━━━ Exercise input
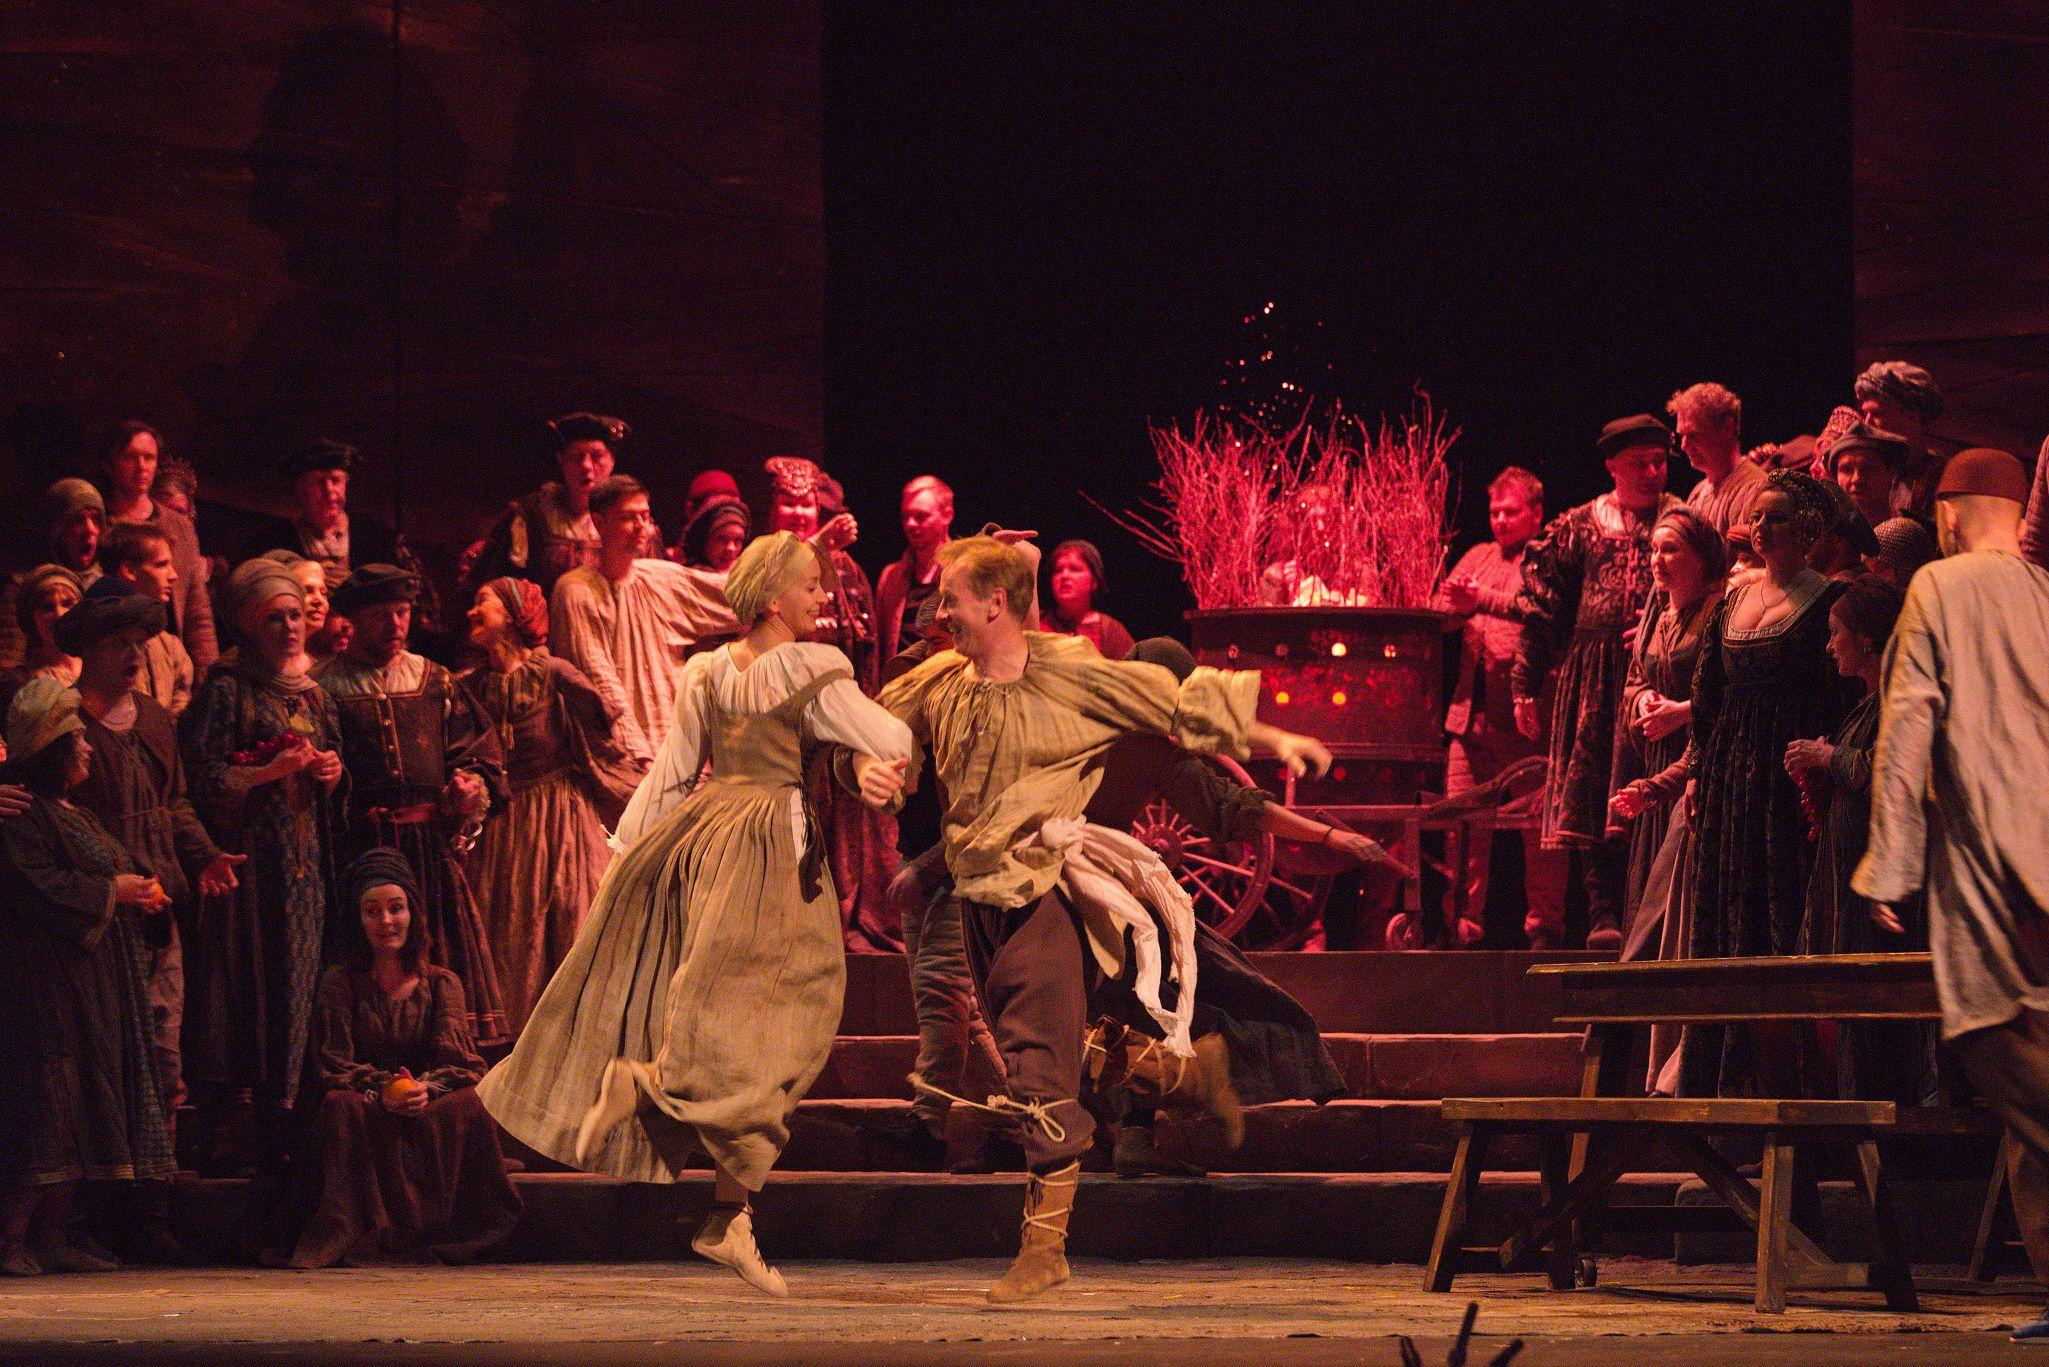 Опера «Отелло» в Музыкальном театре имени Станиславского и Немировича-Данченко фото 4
━━━━━━
━━━ Exercise input
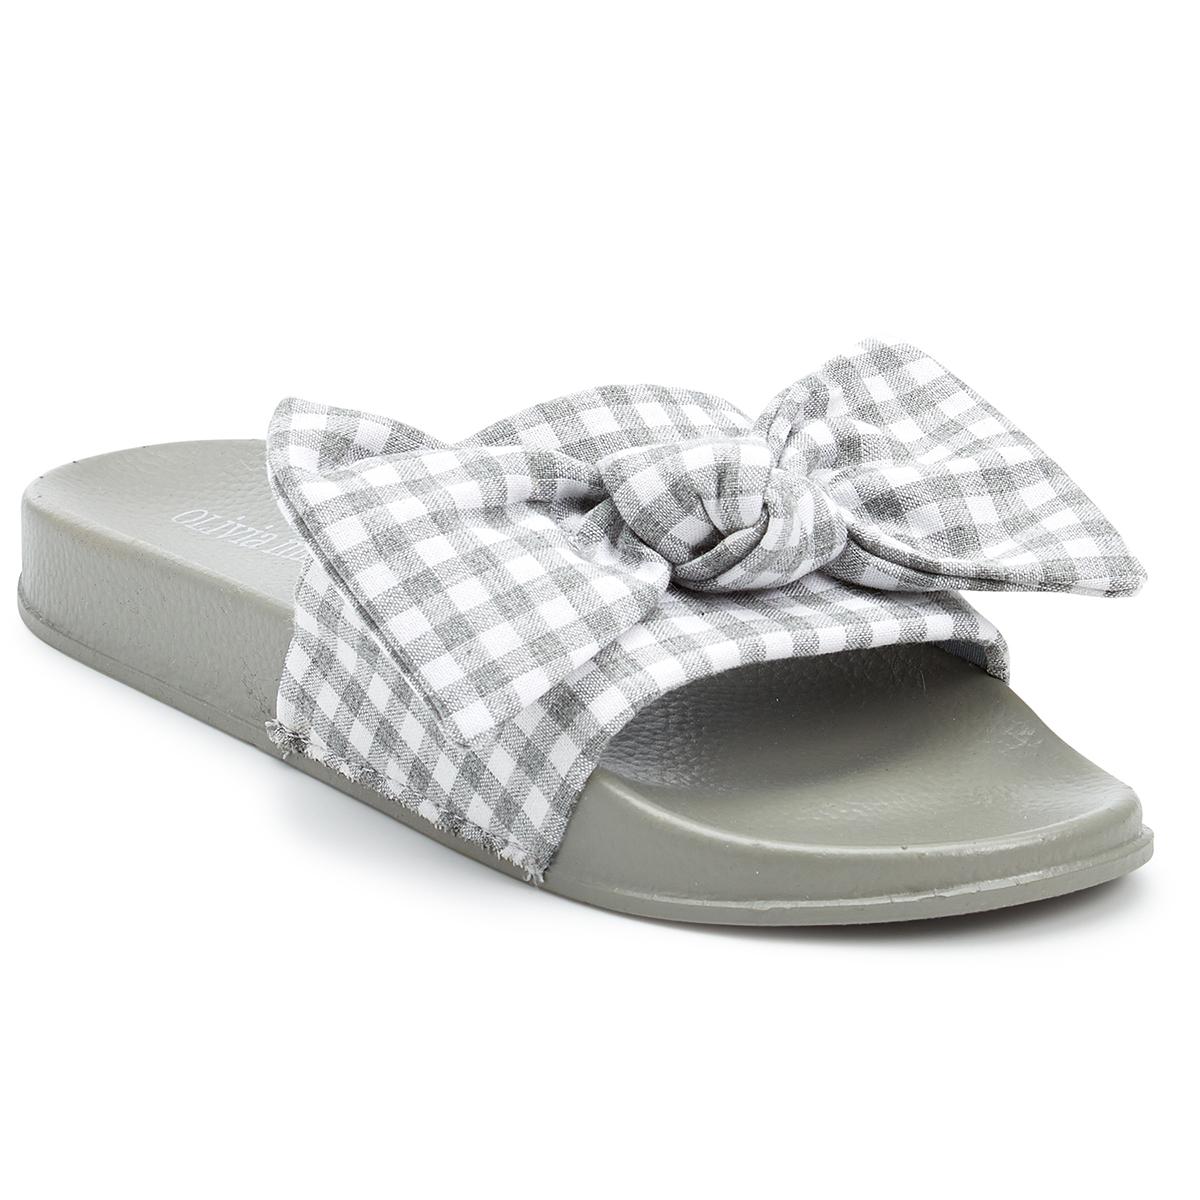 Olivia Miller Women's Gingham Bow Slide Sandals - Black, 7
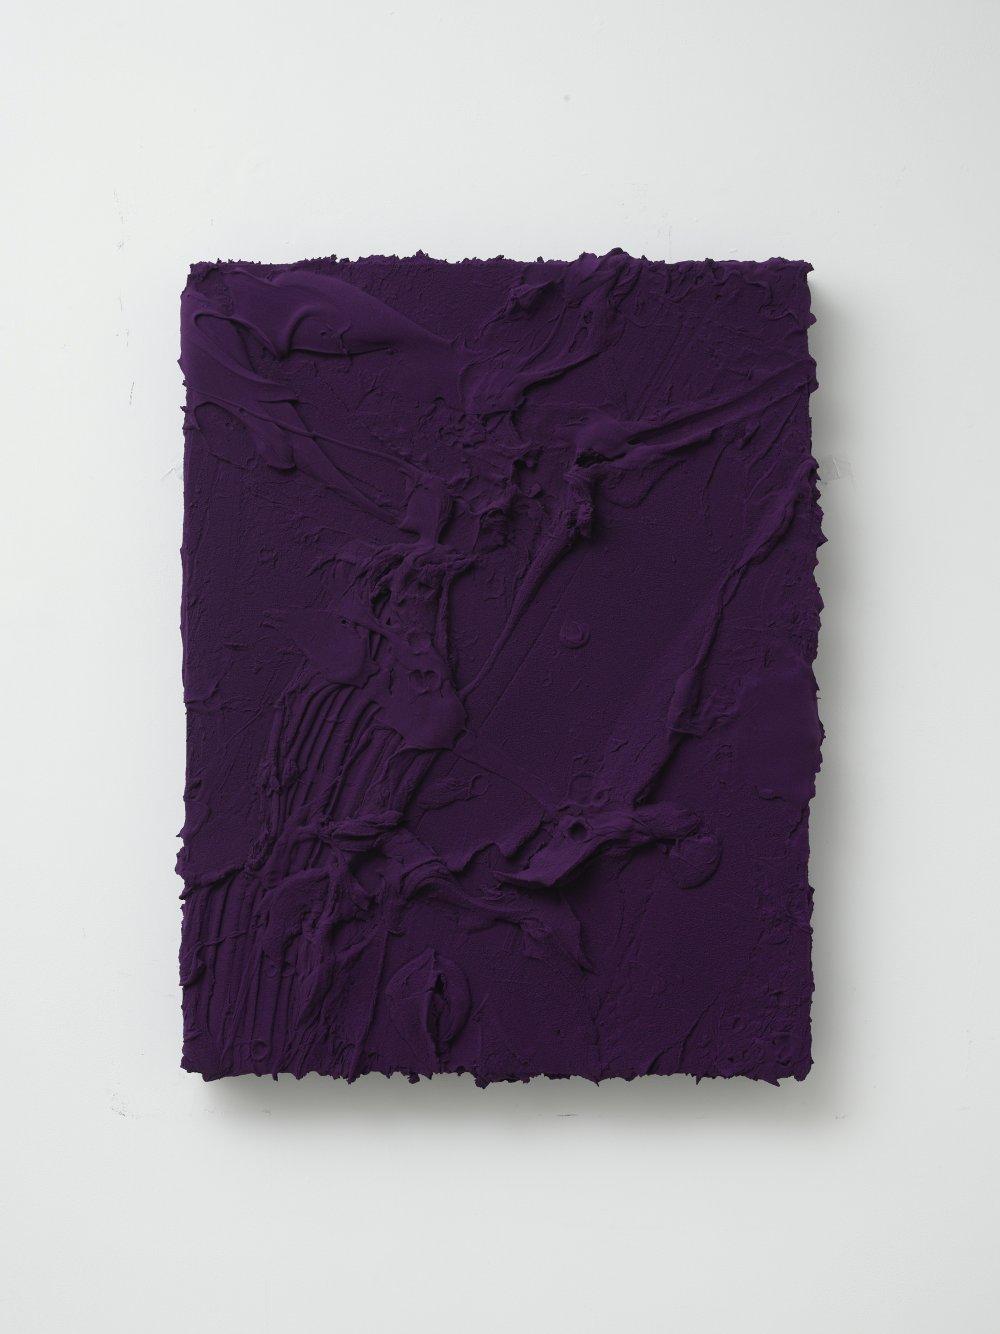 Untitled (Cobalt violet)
━━━━━━
> [Try it]: Your copy should hold only the lines above from the one containing "Olivia Miller Women's" through the one containing "Untitled (Cobalt violet)", exactly as written and free of pictures.

> [Reply]:
 Olivia Miller Women's Gingham Bow Slide Sandals - Black, 7
 Untitled (Cobalt violet)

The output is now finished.